------ Data to examine

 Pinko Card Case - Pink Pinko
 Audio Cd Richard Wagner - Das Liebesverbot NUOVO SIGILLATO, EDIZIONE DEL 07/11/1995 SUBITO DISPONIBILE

------------
------ Data to examine

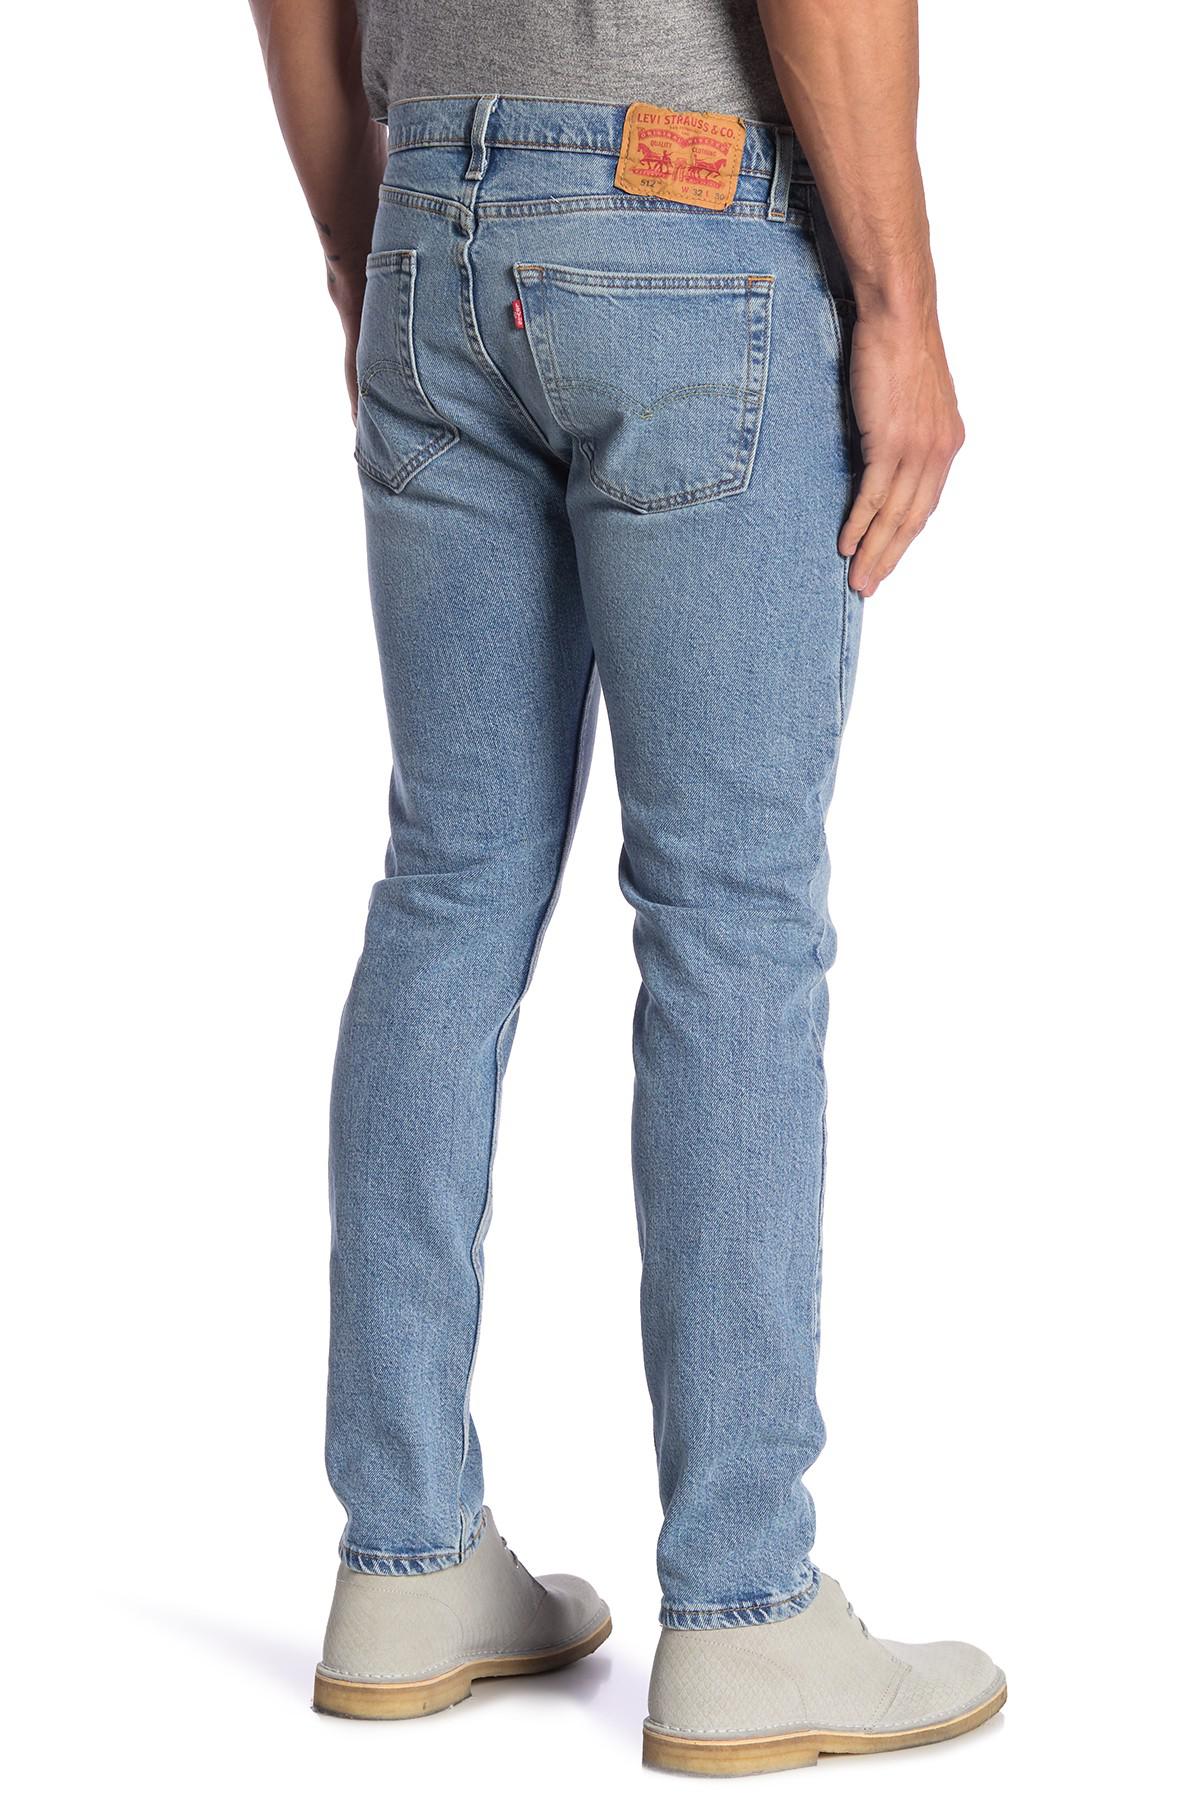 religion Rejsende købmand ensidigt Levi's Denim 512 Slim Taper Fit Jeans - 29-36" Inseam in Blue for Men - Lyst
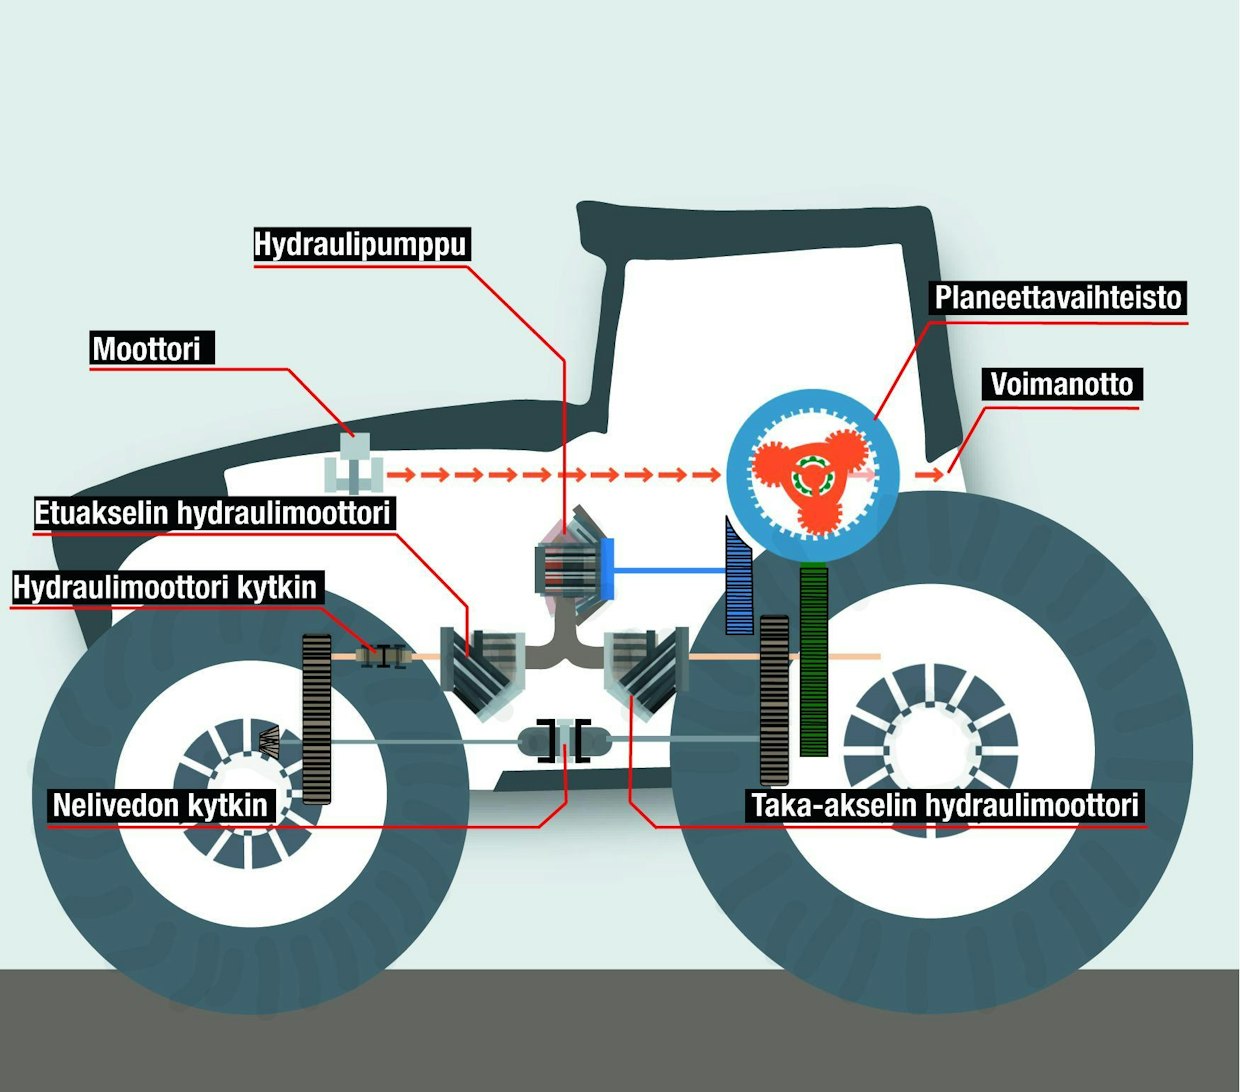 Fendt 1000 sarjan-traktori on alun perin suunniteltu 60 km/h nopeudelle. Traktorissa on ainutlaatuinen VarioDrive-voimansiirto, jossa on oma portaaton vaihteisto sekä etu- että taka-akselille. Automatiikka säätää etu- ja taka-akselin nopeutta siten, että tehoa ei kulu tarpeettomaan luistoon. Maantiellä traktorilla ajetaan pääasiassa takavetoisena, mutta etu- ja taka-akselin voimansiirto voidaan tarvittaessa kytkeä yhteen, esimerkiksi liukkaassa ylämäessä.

------------
------ Data to examine

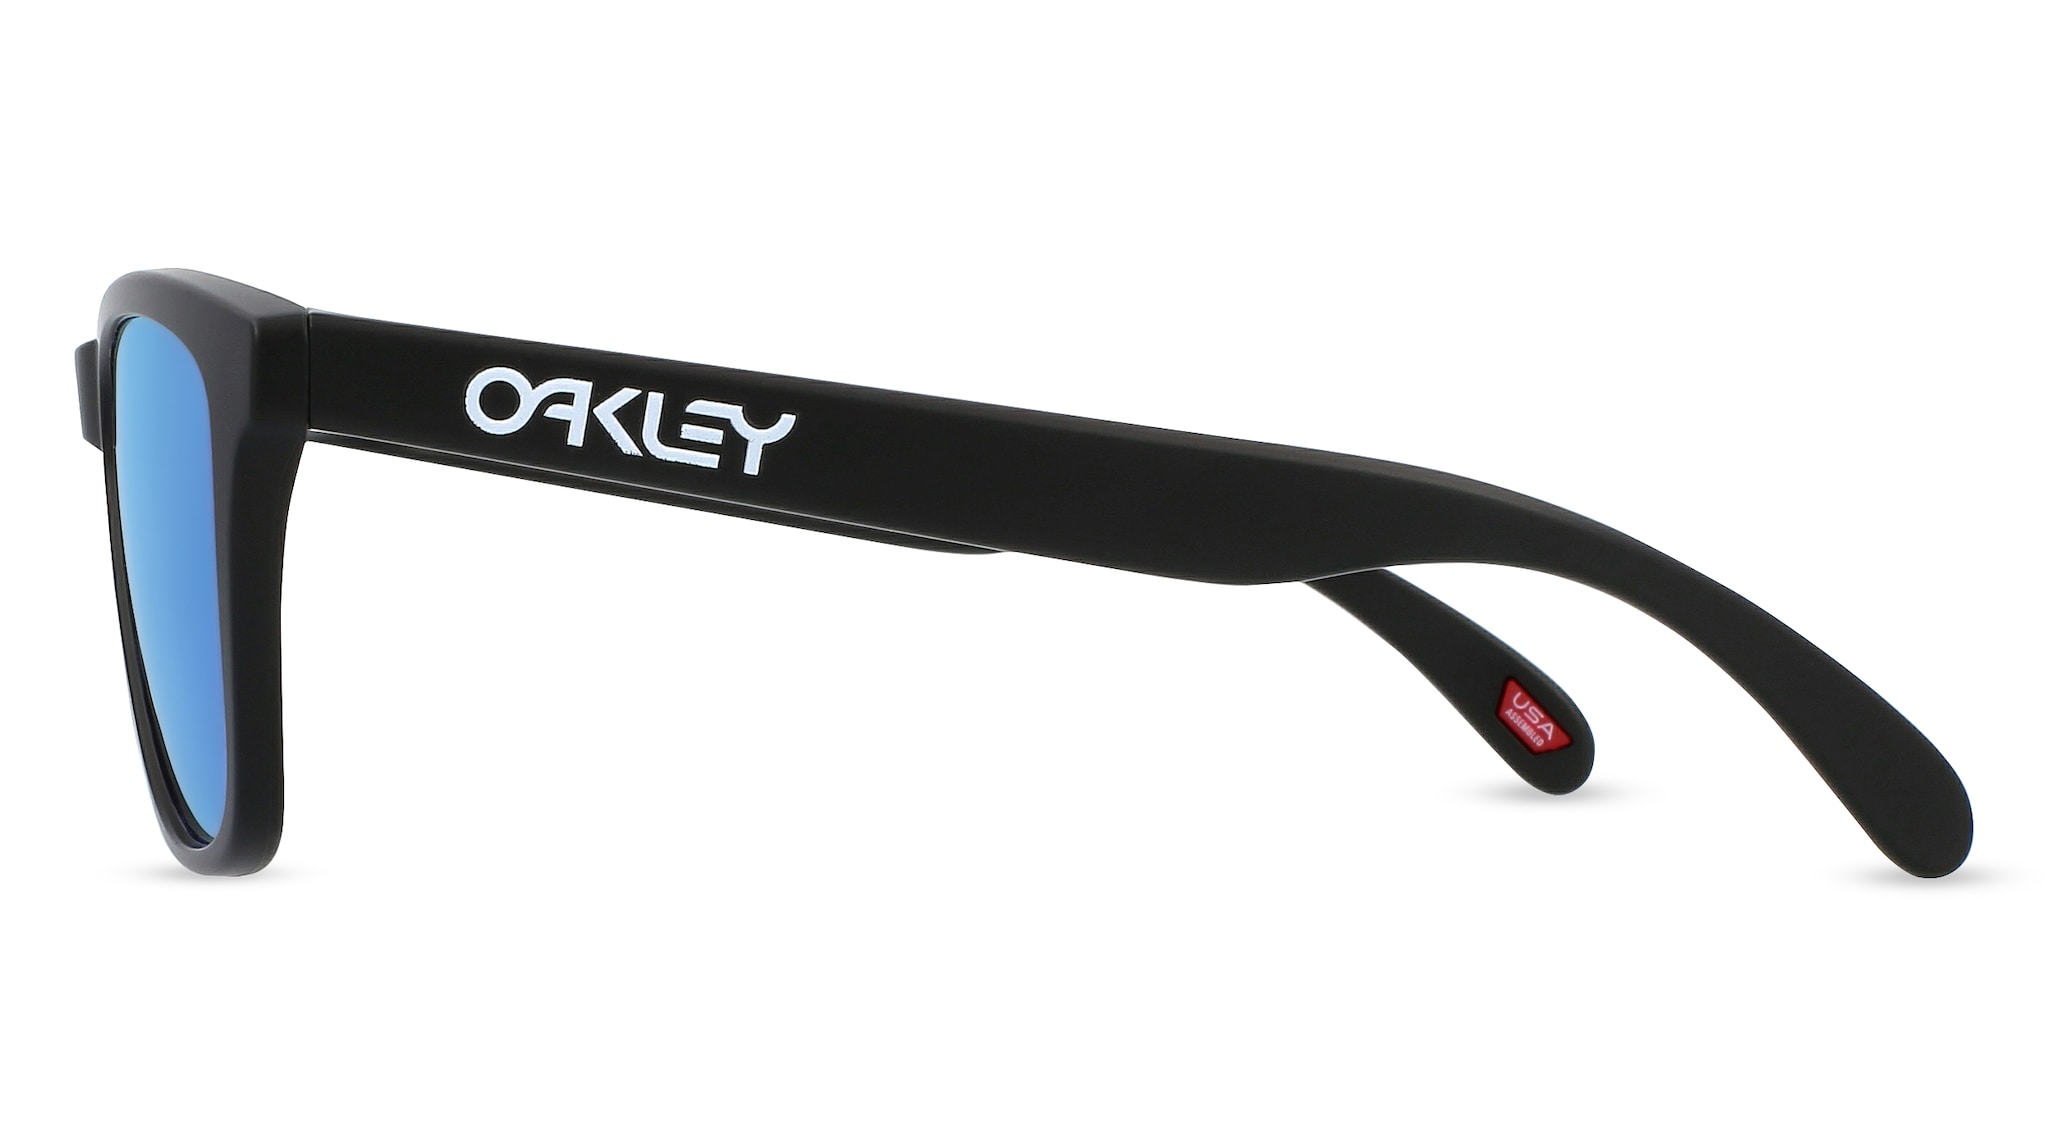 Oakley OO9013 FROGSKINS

------------

* _Aim of the exercise_
Output, from the data above, the lines from the line with "Pinko Card Case - Pink Pinko" to the line with "Audio Cd Richard" exactly as they stand, both ends included and nothing else.

* _Solution_
 Pinko Card Case - Pink Pinko
 Audio Cd Richard Wagner - Das Liebesverbot NUOVO SIGILLATO, EDIZIONE DEL 07/11/1995 SUBITO DISPONIBILE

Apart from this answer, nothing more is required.